After 3 months of development since the release of 0.1.0, 0.2.0 is much more complete. First and foremost, Quinn 0.2.0 is among the most conformant implementations of the latest QUIC draft (draft 17), according to the interoperability testing data maintained by implementers participating in the QUIC working group. It now supports:

  • Stateless retries
  • Explicit congestion notification (only Linux support so far -- contributions welcome!)
  • Connection migration

These features are currently being worked on:

  • 0-RTT data has largely been implemented but still needs tweaking of the API
  • HTTP 3 support has been started and is being worked on by our awesome contributor @stammw

We've worked to make Quinn even more modular. It consists of the quinn-proto crate, which contains deterministic protocol logic without touching any I/O APIs, and a quinn crate which leverages tokio to deliver a high-level asynchronous API. (Additionally, we maintain an experimental branch with async/await support.)

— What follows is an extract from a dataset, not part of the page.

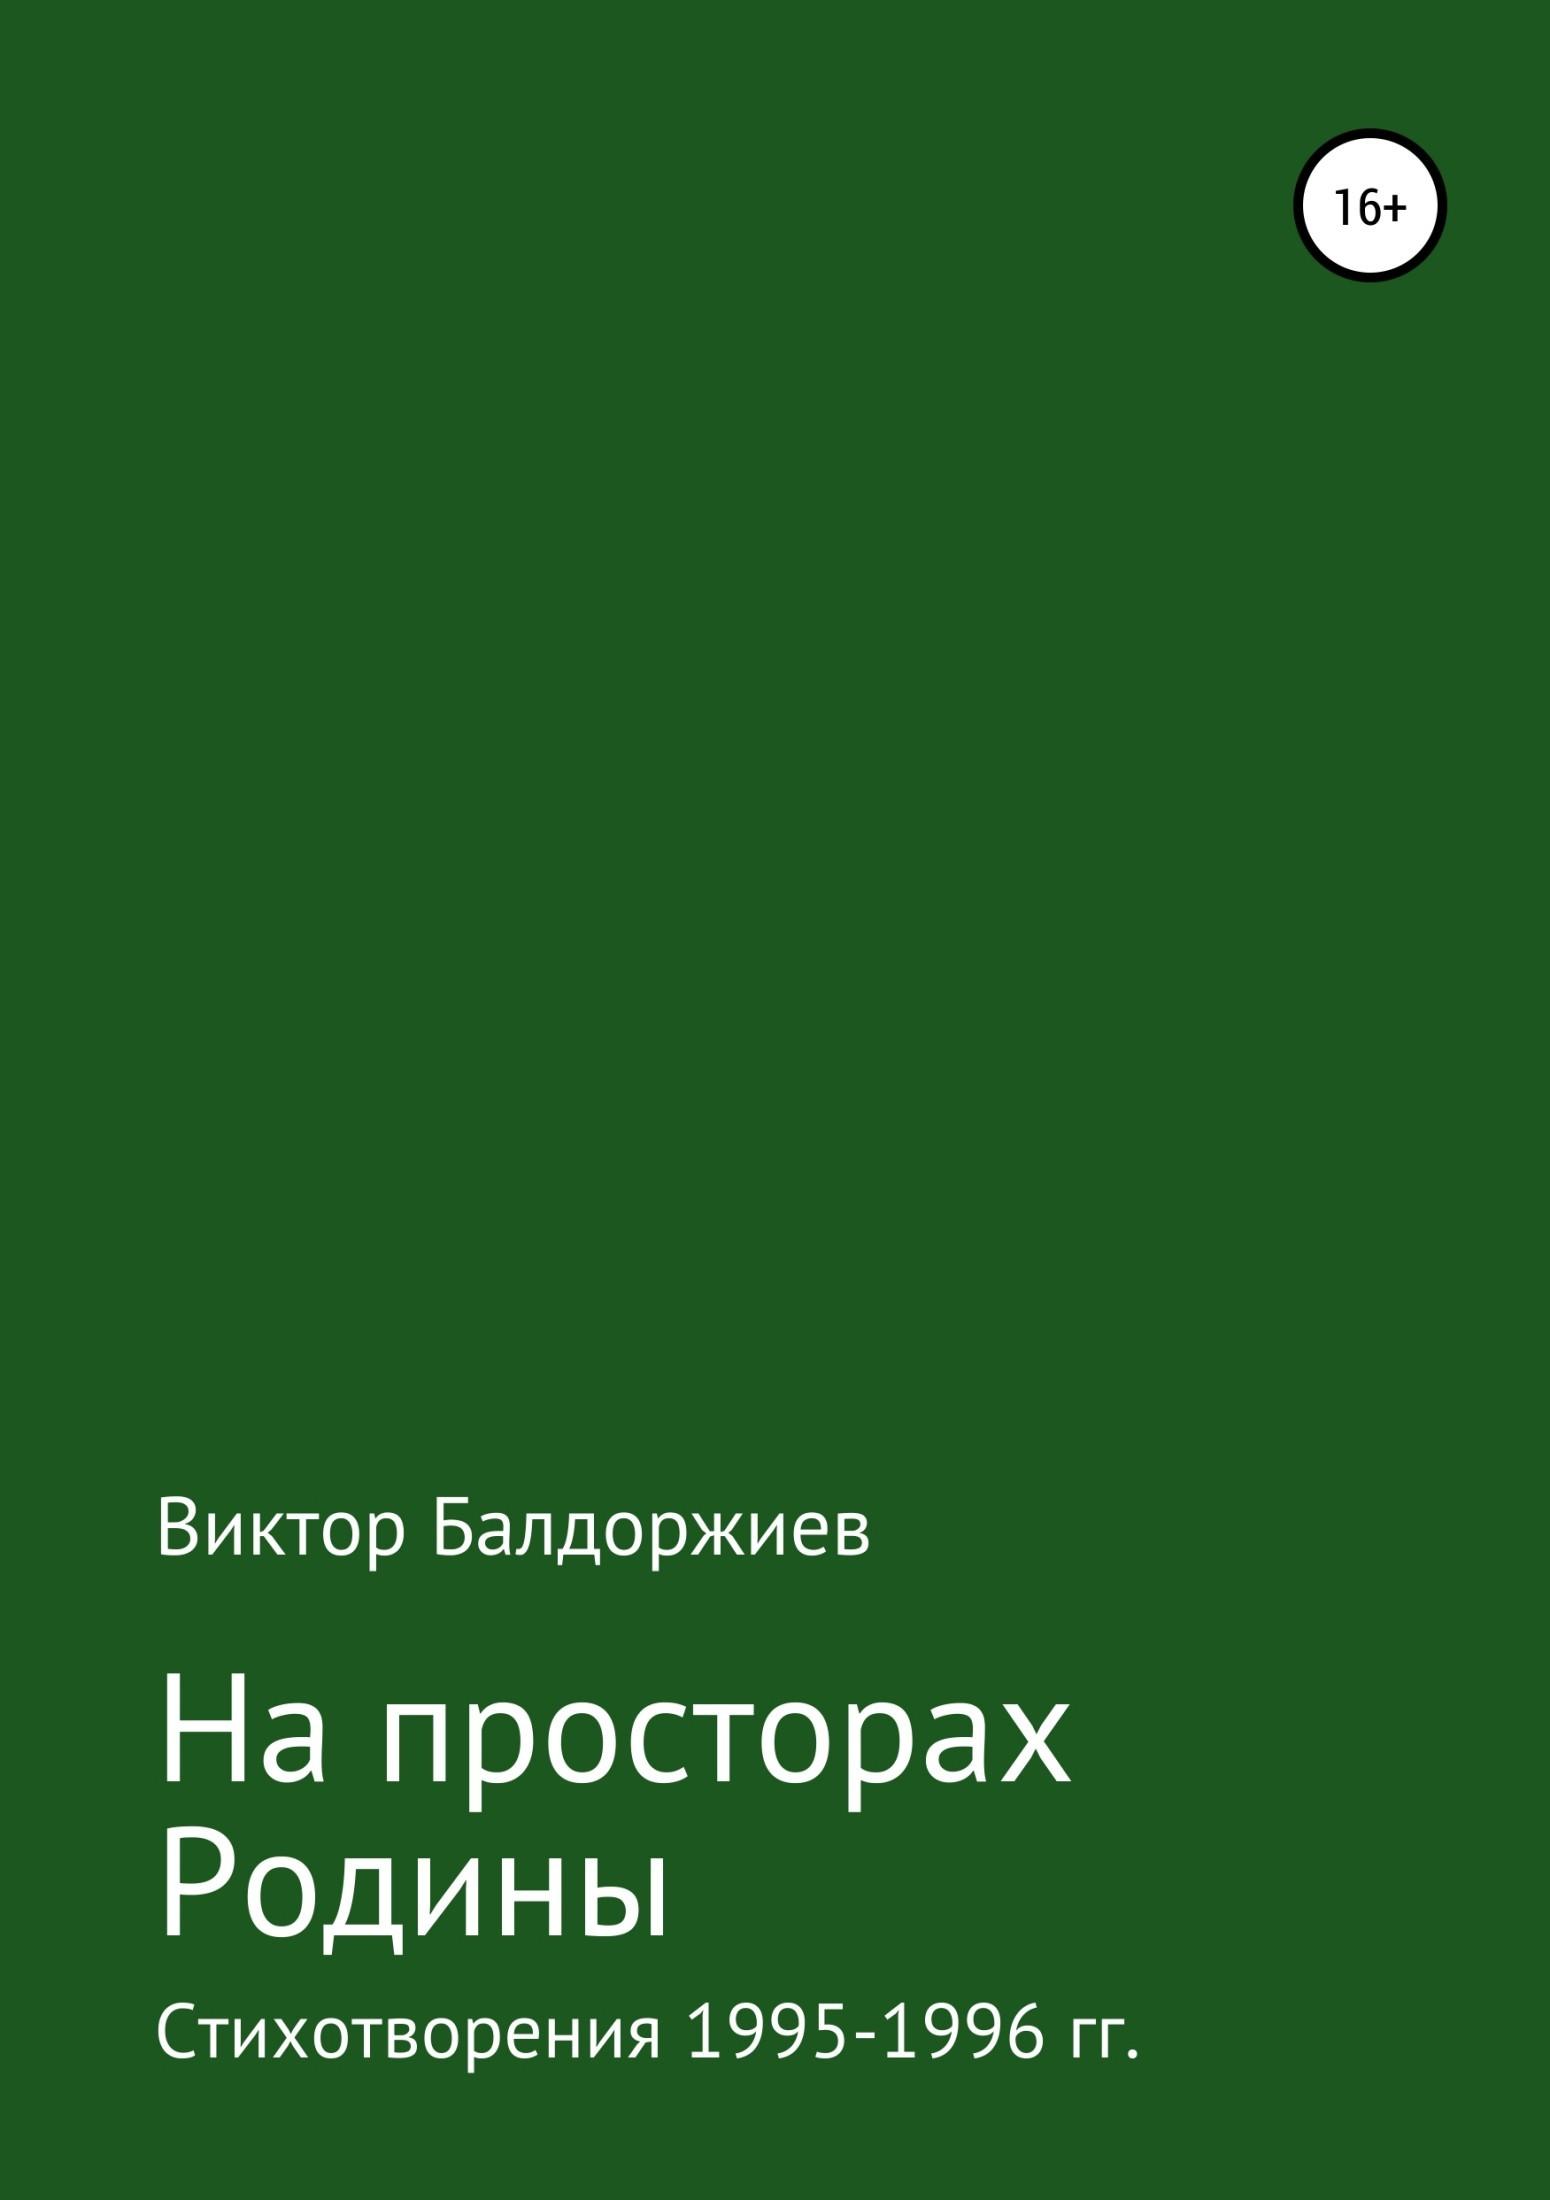 Виктор Балдоржиев На просторах Родины виктор балдоржиев земля взаймы

We're also grateful for the work @imp, @est31, @psiphi75, and @kryptan have contributed to this release. While we don't always have large amounts of pre-defined good first issues setup due to the fast moving development, we're always happy to mentor new contributors, independent of their prior level of Rust experience!

Finally, we would like to thank the community for their support. To support this release, we've contributed work to libc, tokio, rustls and ring. We'd also like to call out @est31's new rcgen crate, which makes self-signed certificate support easier to use. Quinn would not be possible without the support of the Rust ecosystem.

We're excited to see what's coming for QUIC and Quinn in 2019.